Overall, the original code should be left as-is when using Python 2.5 or 2.6. For Python 2.7-only code or Python 3 code, `with` can be used with multiple managers out of the box:
with open(path1, ‘r’) as file1, open(path2, ‘r’) as file2:
# stuff.
See examples at the bottom of the “with statement” section: http://docs.python.org/reference/compound_stmts.html#with
you can also go to python 32 context managers:
with open(‘in.txt’) as infile, open(‘out.txt’, ‘w’) as outfile:
This seems a long way to go to just (works in 2.7):
with open(‘file1′) as f,\
open(‘file2) as g:
…
In python 2.7 you can open two files in the same with statement.
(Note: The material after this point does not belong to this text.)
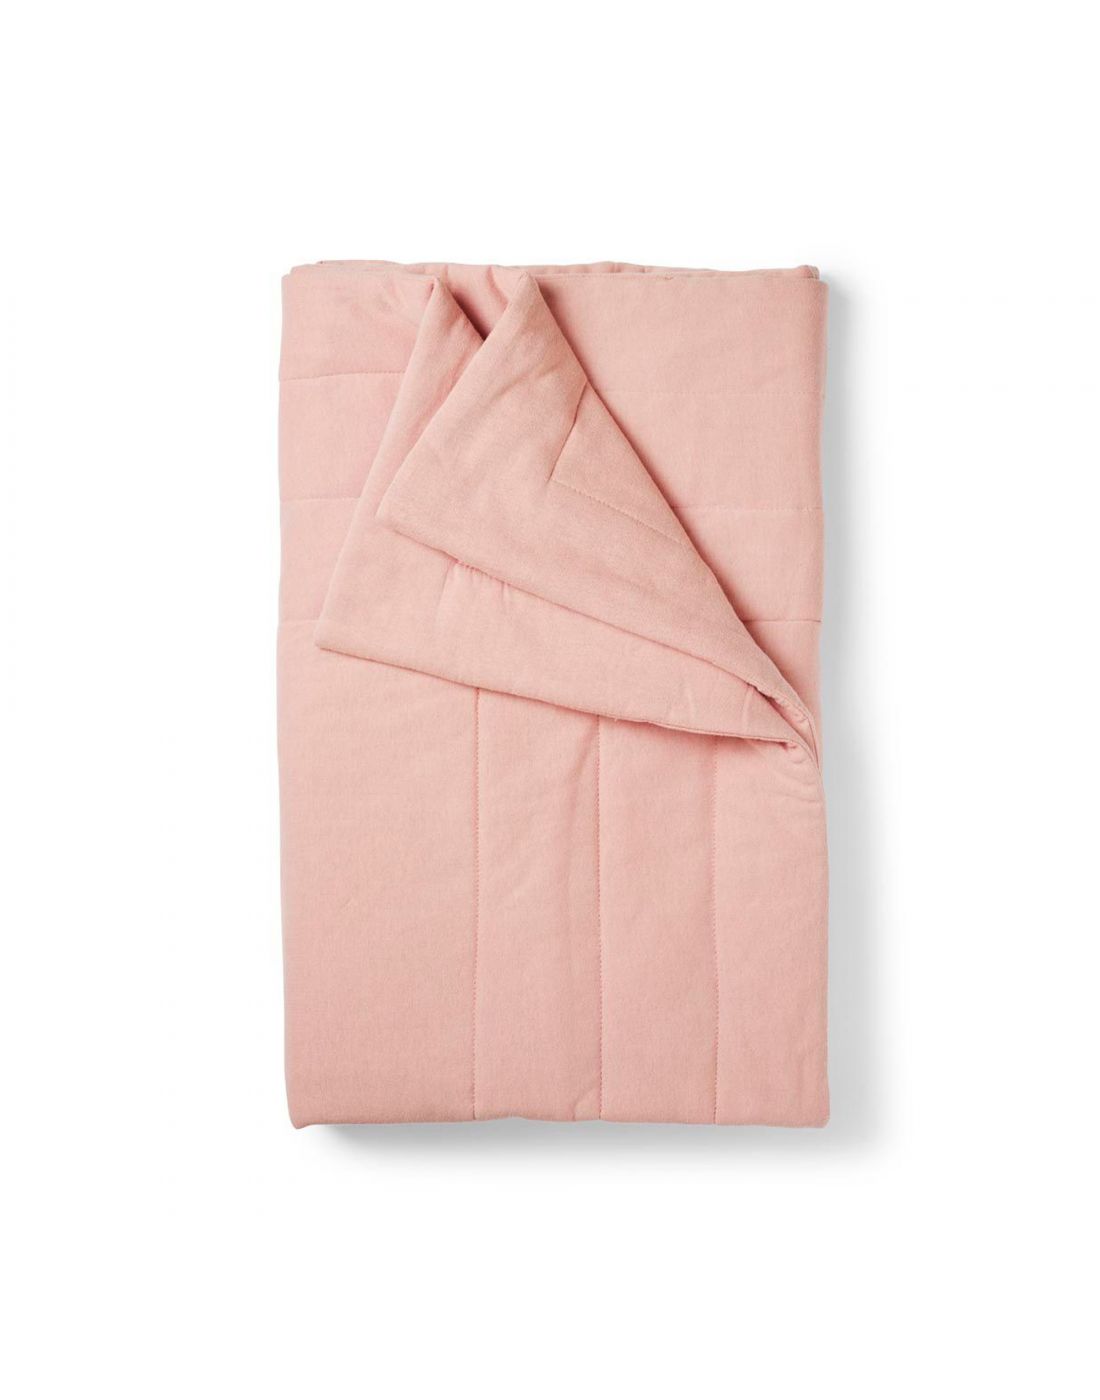 Elodie Quilted Blanket Blushing Pink

with open(x) as u, open(y) as w:
pass
Wow. Thank you guys for the input, i will have to go through the comments slowly.
Nooo, don’t use contextlib.nested(). It’s an error-prone bug trap, and this kind of situation is exactly why it was deprecated in 2.7 and 3.2 and will be gone completely in 3.3. (Quiz: what happens if the first open() call succeeds, but the second one fails?)
I’m the main contextlib maintainer, and contextlib2.ContextStack is a new API I have created and published on PyPI that will hopefully provide the dynamic context management benefits of nested() without being anywhere near as error-prone. The “open a data driven number files at the same time” use case is actually the recurring example I use in the documentation (http://contextlib2.readthedocs.org/en/latest/index.html#contextlib2.ContextStack)
This would be more Pythonic if it followed PEP-8 & avoided camelCase.